An engineering professor and his former PhD student at UBC’s Okanagan campus in Kelowna have developed “a residual drift-based design” for concrete bridges that employs a super-elastic reinforcement alloy which can withstand the impact of earthquakes. Conventional reinforced steel, by comparison, sustains “large deformation demand during big earthquakes which causes the steel to strain beyond its elastic limit,” says Shahria Alam, associate professor in the school of engineering at UBC’s Okanagan campus in Kelowna. A case in point is the earthquake that hit Kobe, Japan, in 1995 leaving more than 100 steel reinforced concrete bridges beyond repair. If those bridges were reinforced with a super-elastic memory alloy, they might have only required “minor repairs” because the alloycan deform and return to its original state without damage, says Alam, adding that earthquakes teach engineers new things about structures — and how to improve them. The engineering professor and his former PhD student Muntasir Billah — now employed as a bridge engineer in Vancouver — designed five bridge pier models, each with a different alloy reinforcement.
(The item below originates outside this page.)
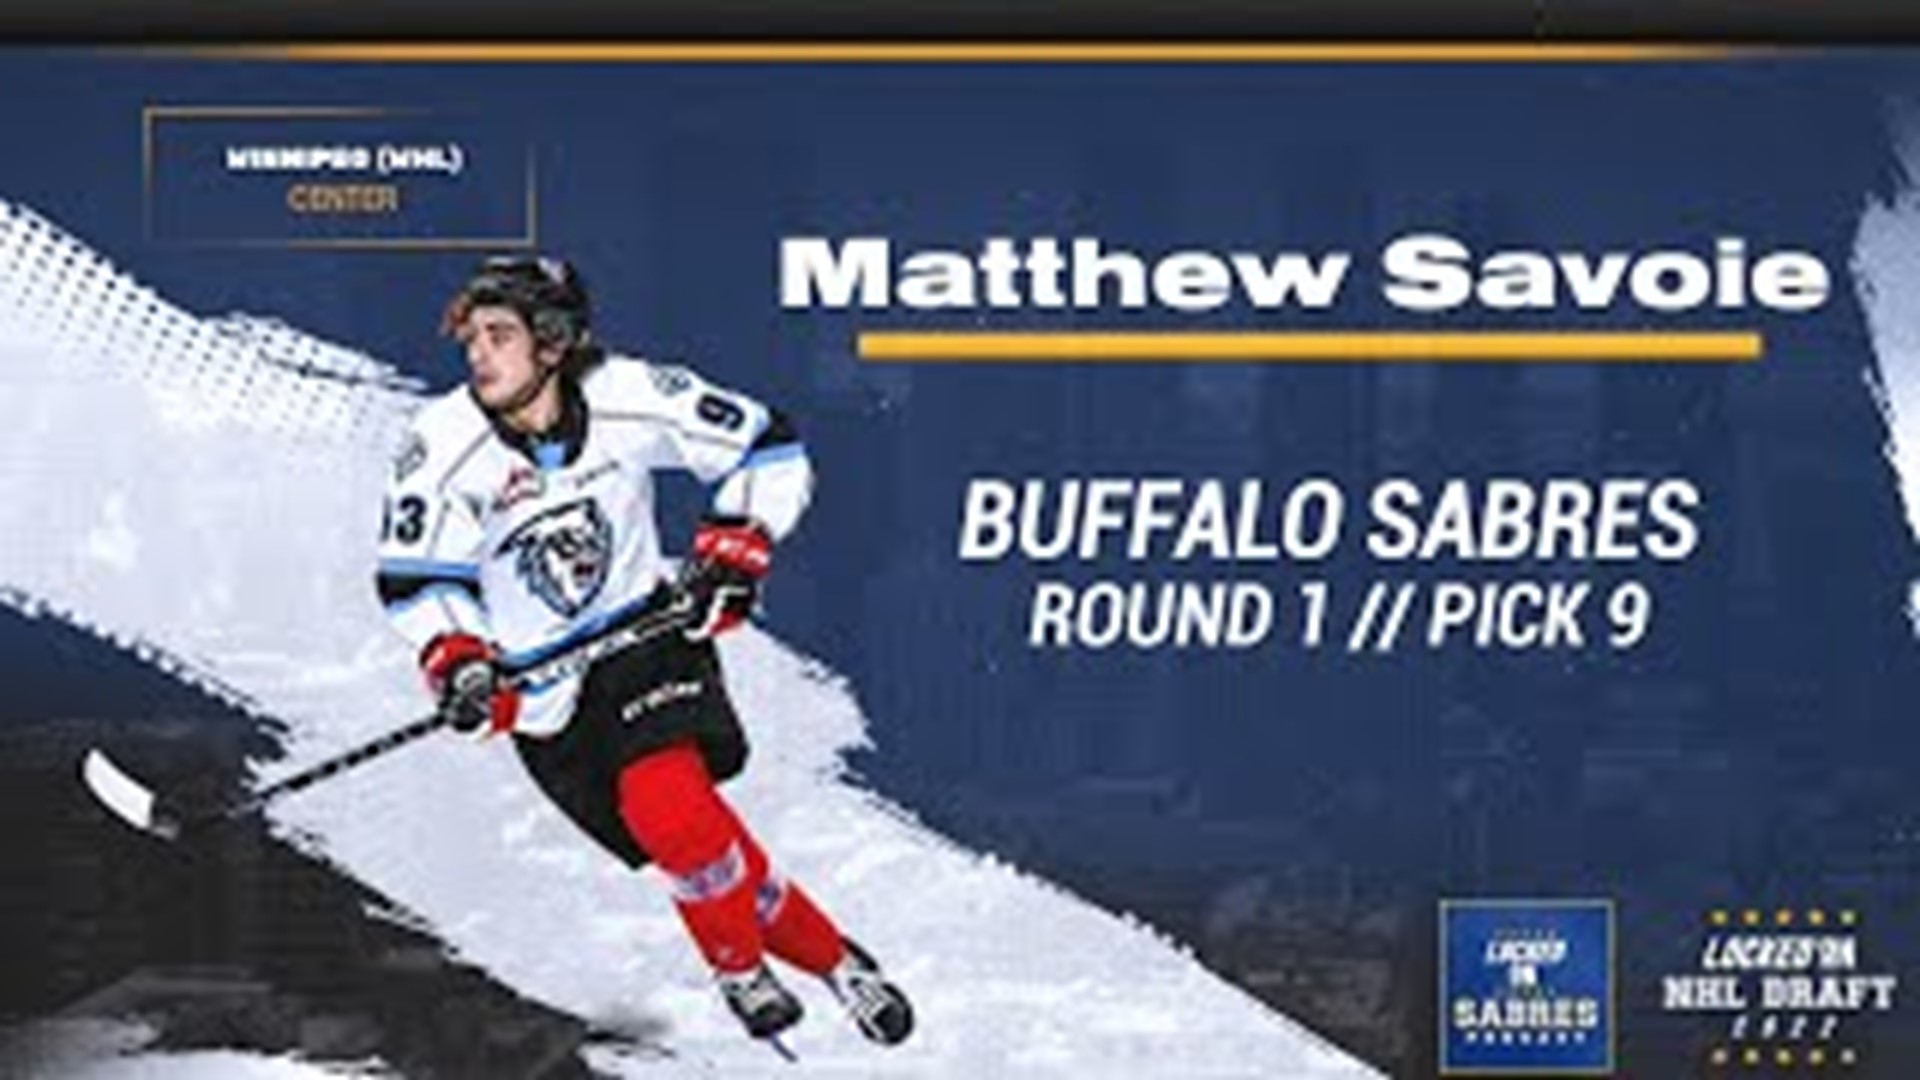 The Buffalo Sabres selected Matthew Savoie with the ninth overall pick in the 2022 NHL Entry Draft on Thursday night in Montreal.

They were tested to different seismic scenarios forces that B.C.’s Lower Mainland could face. All of the alloys performed well but one — ferrous polycrystalline alloy — stood out from the rest, he says. “They all have a self-centering capability: When you load it, it goes into large deformation — the elastic stage but it does not have permanent deformation which is why it is unique.” Actual bridge piers were constructed and tested at the University of Nevada in Reno, but the UBC pair developed a design using several numerical guidelines for detailing bridges through their modelling tests. The super-elastic alloy must overcome a number of hurdles before it can be considered for adoption in design building codes. And, right now it is impractical because of its high price — about $80/kg for a nickel-titanium alloy compared to offshore steel rebar priced as low as $500 per tonne.
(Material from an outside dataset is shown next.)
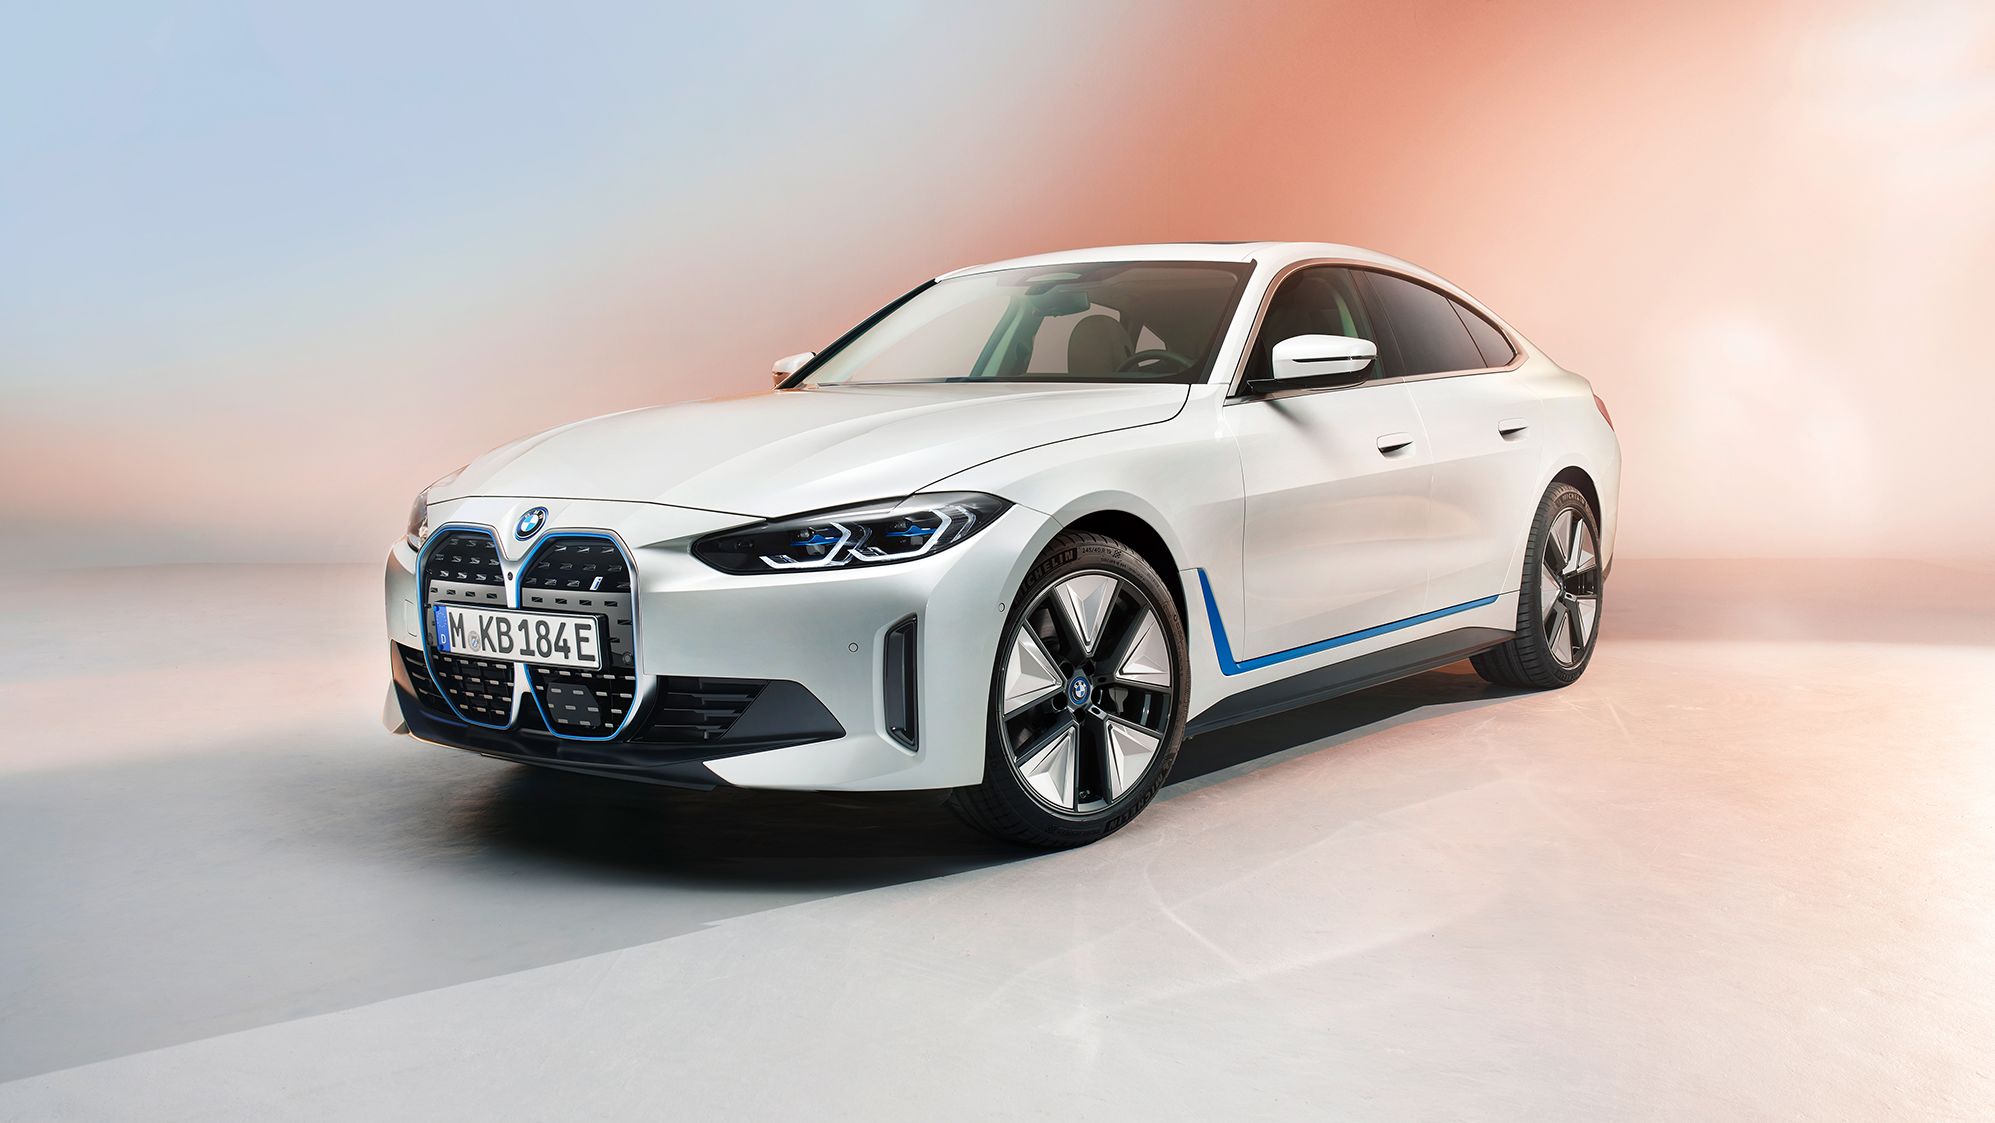 BMW Concept i4: Discover Highlights of the all-new BMW electric car

But Alam believes that continued research around the globe will help bring the price down largely because of the use of copper and iron in the alloy’s composition.

“In the next five to 10 years you will see many different alloys in the market that will be cheaper and competitive with regular steel.”

The “true value” of the alloy is determined through life cycle analysis, he says adding that the product also has “very good corrosion-resistance — maybe even better than stainless steel.”
Super-elastic alloys were discovered in the 1960s by the U.S. Navy. Since then research has evaluated it for different applications.

Alam says that building codes place more emphasis on infrastructure designs that can withstand earthquakes now than they did decades ago because there is more at stake in today’s growing cities when infrastructure goes down.

“The losses increase substantially because of urbanization. Previously we thought life safety was most important and we didn’t have to consider infrastructure safety. Now, we see infrastructure is a huge investment that we don’t want to lose.”

“It gives this product a great advantage and at the same time we see it as a more sustainable (design) solution for infrastructure.”

While Alam’s research looked at alloys in new construction, he says there is also potential for using alloys in bridge repairs and retrofits.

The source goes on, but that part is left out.